▸ SUPPLIED DATA:
_ _ _ _ _ _ _
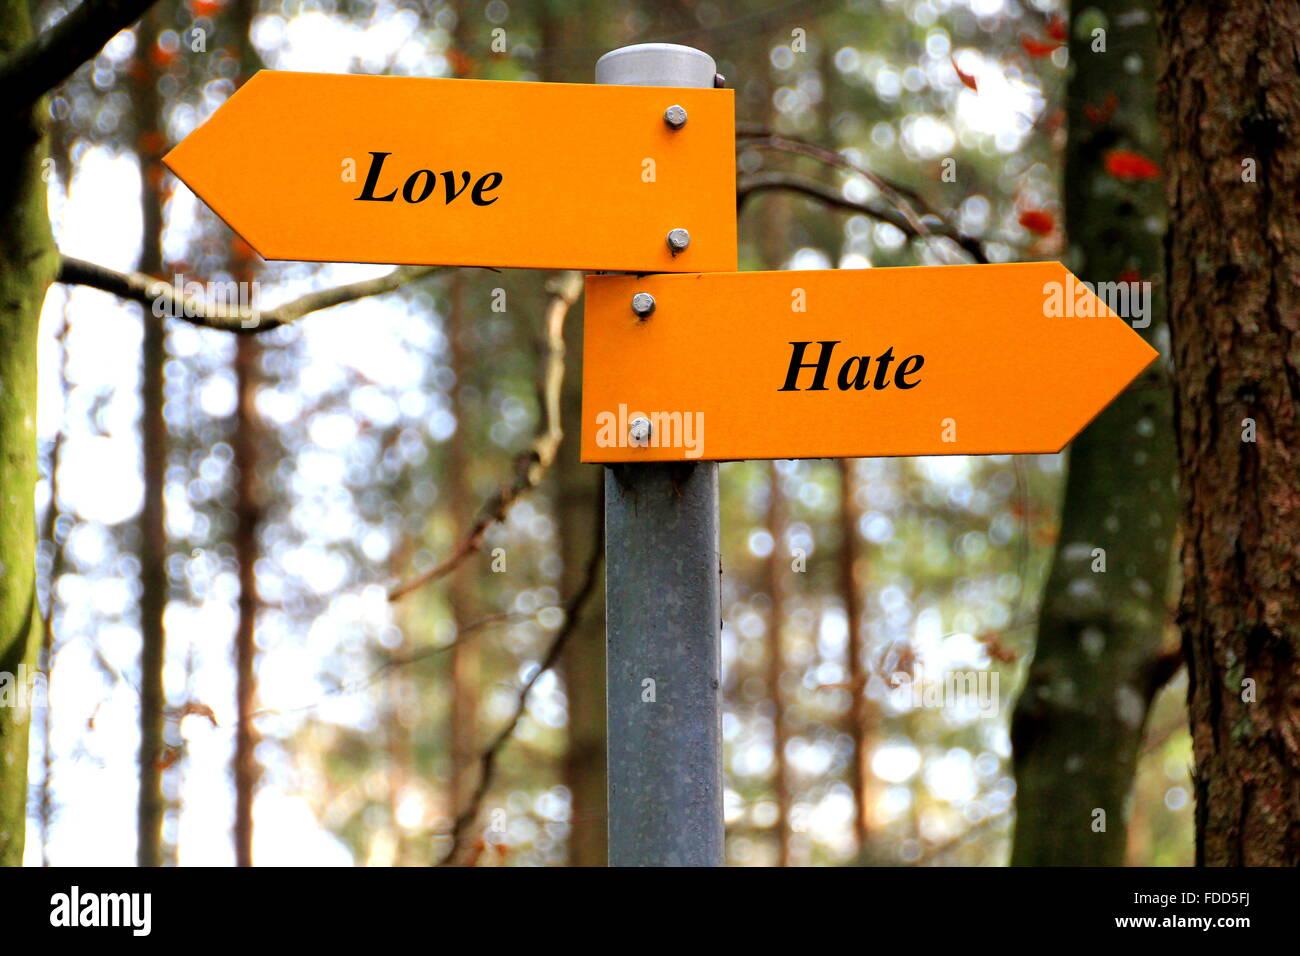 Amor y Odio escrito en amarillo, señal de dirección Imagen De Stock
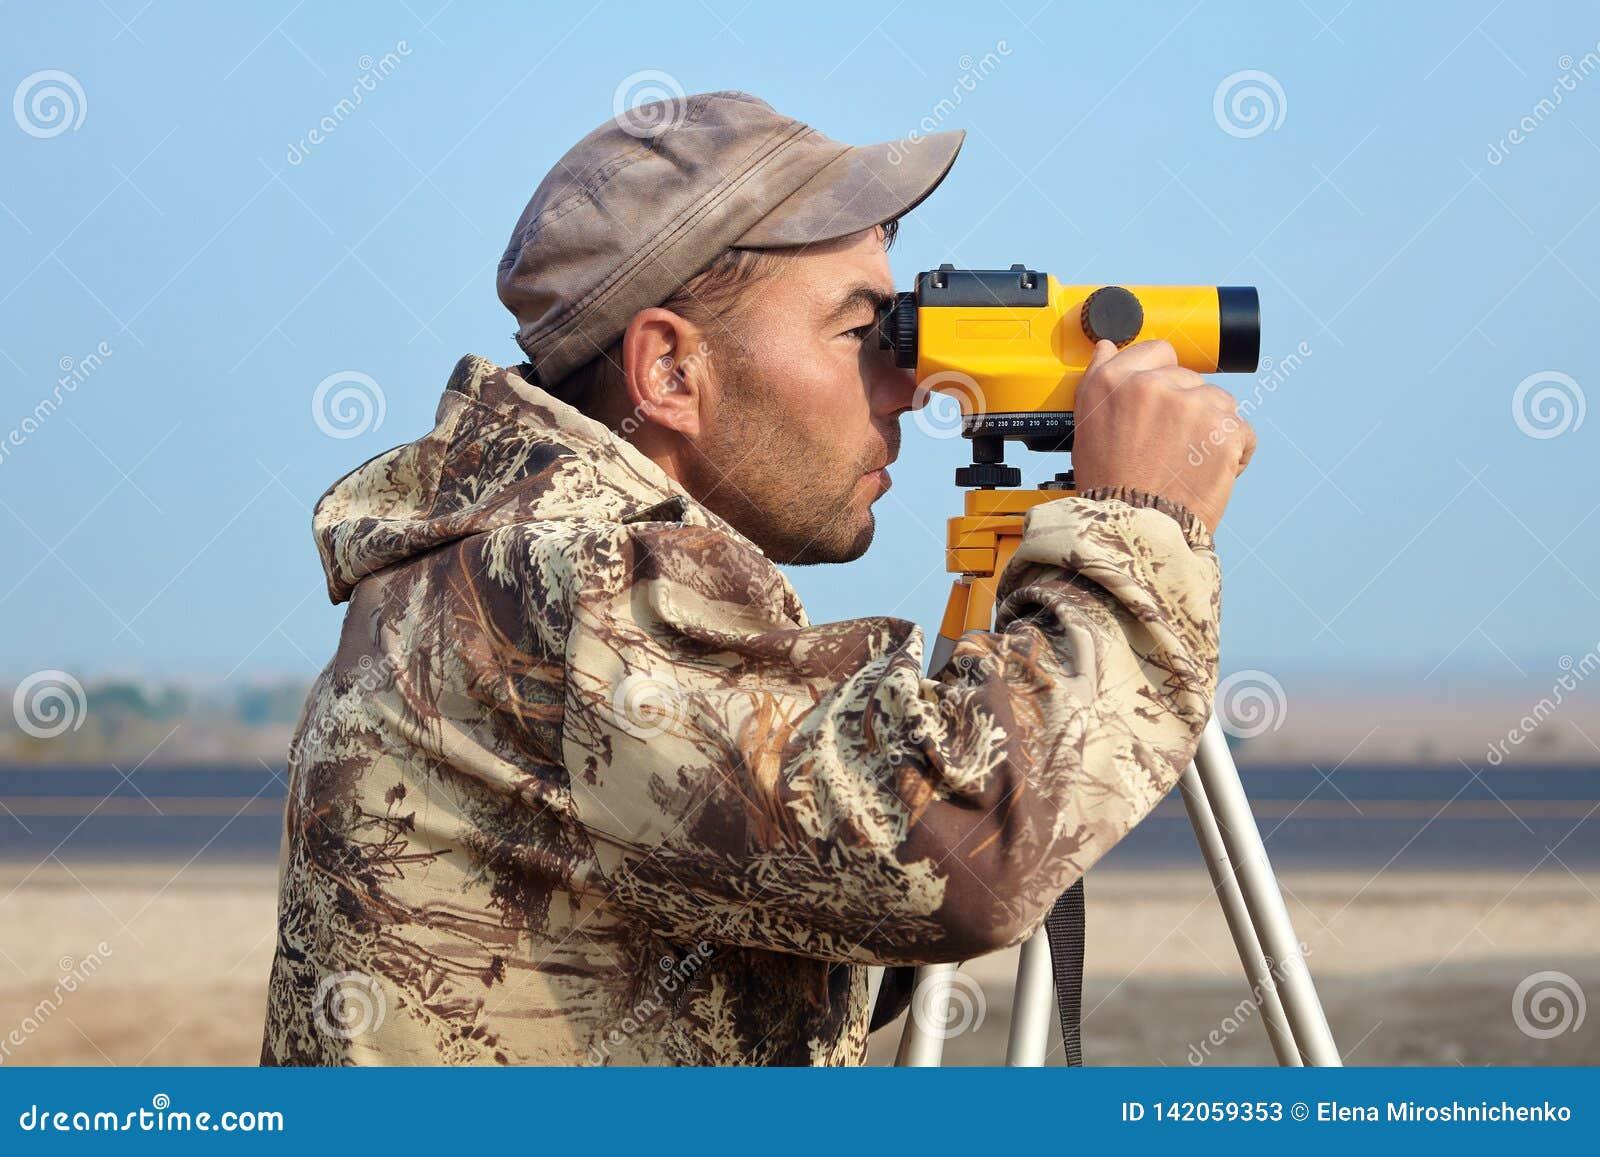 Работник с уровнем, построитель топографа с оборудованием геодезии близко к шоссе, с мобильным телефоном, усмехаясь
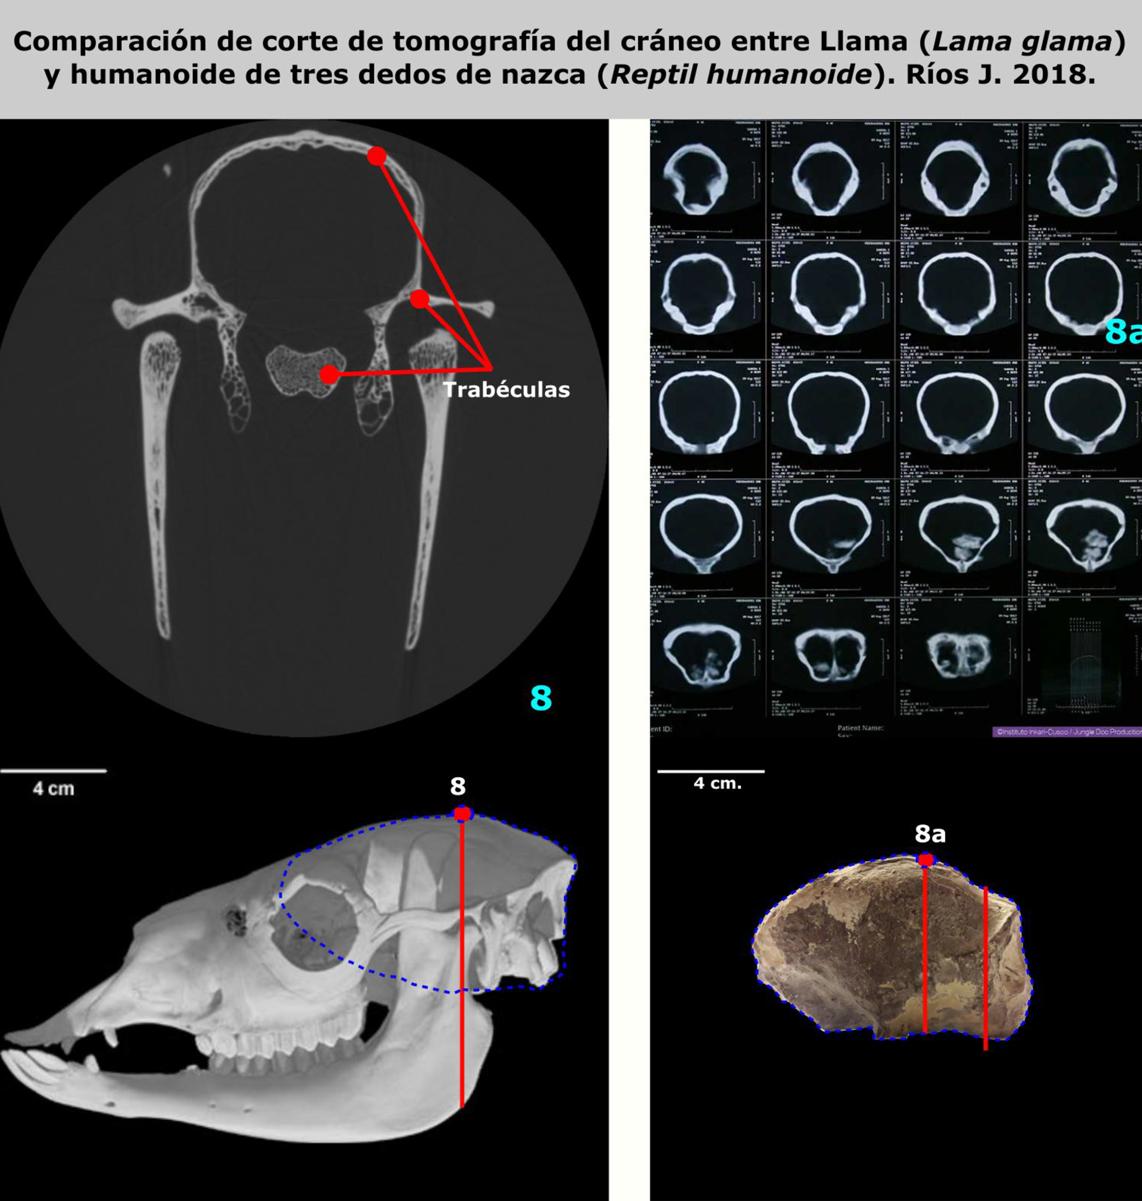 Comparaison de coupes tomographiques de crânes entre le Lama et l'humanoïde à trois doigts de Nasca
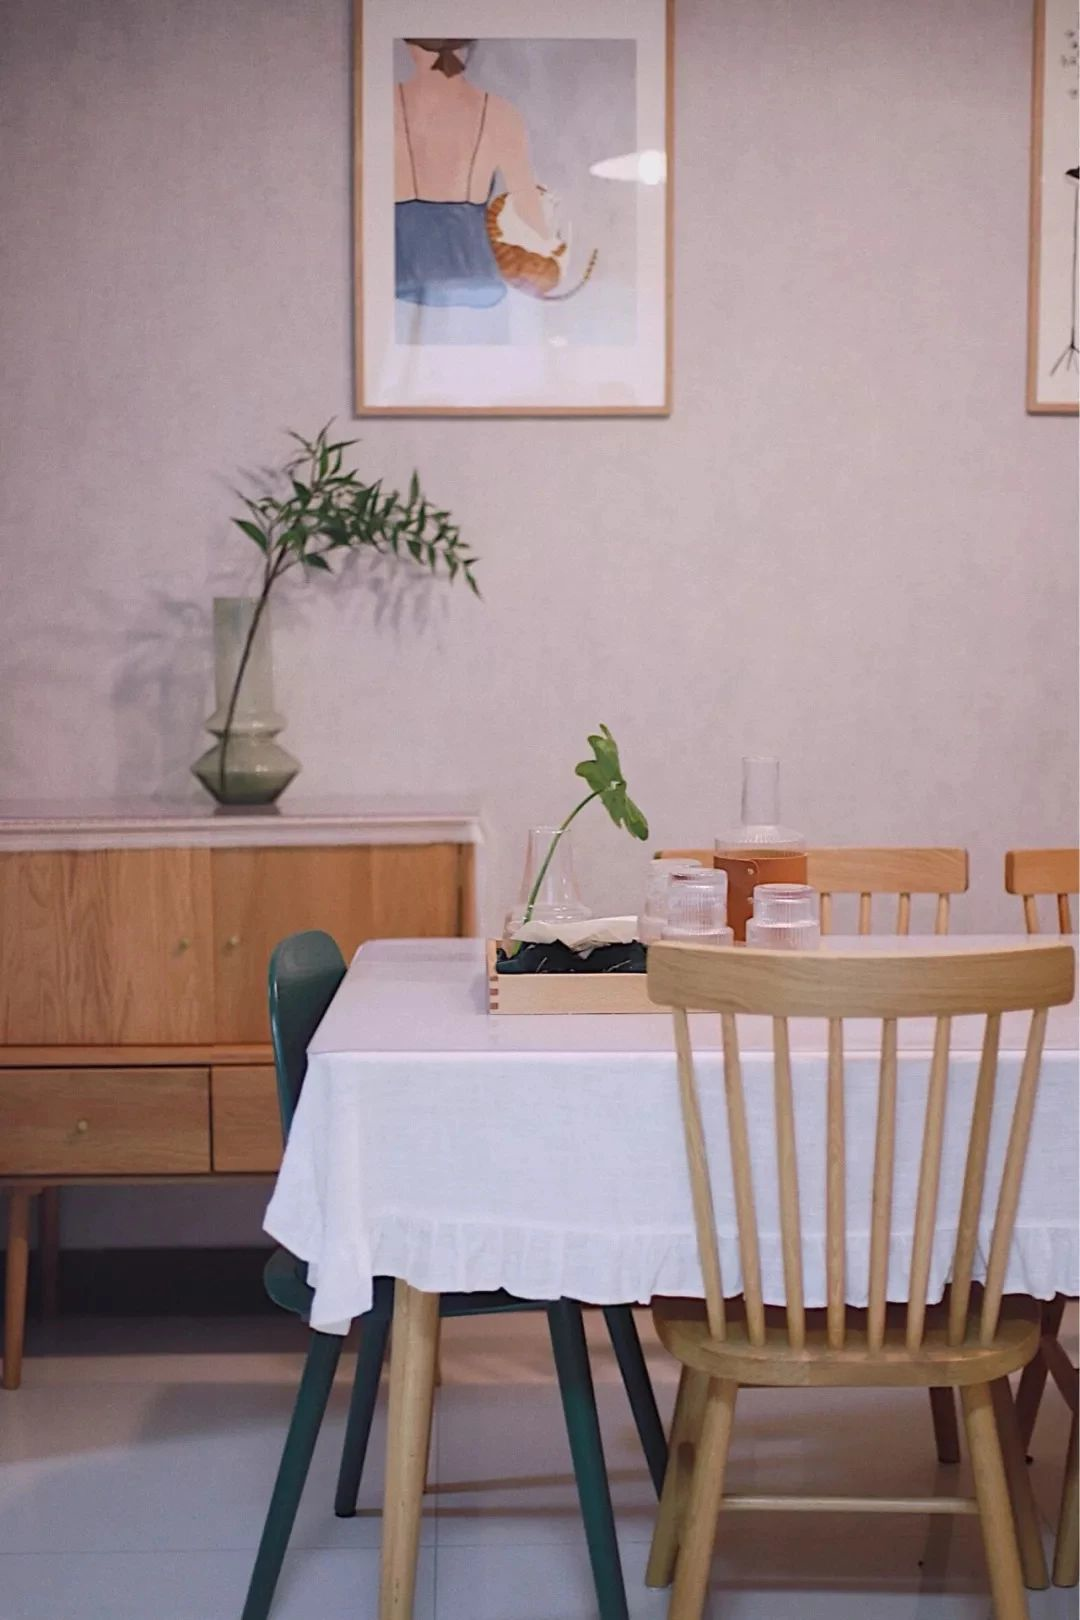 餐厅背景墙,这样挂画好漂亮!
_ _ _ _ _ _ _
▸ THE PROBLEM:
From the line with "Работник с уровнем, построитель" through the final line of the data above, copy everything exactly, both ends included, but not the pictures.

▸ RESULT OF THIS EXERCISE:
 Работник с уровнем, построитель топографа с оборудованием геодезии близко к шоссе, с мобильным телефоном, усмехаясь
 Comparaison de coupes tomographiques de crânes entre le Lama et l'humanoïde à trois doigts de Nasca
 餐厅背景墙,这样挂画好漂亮!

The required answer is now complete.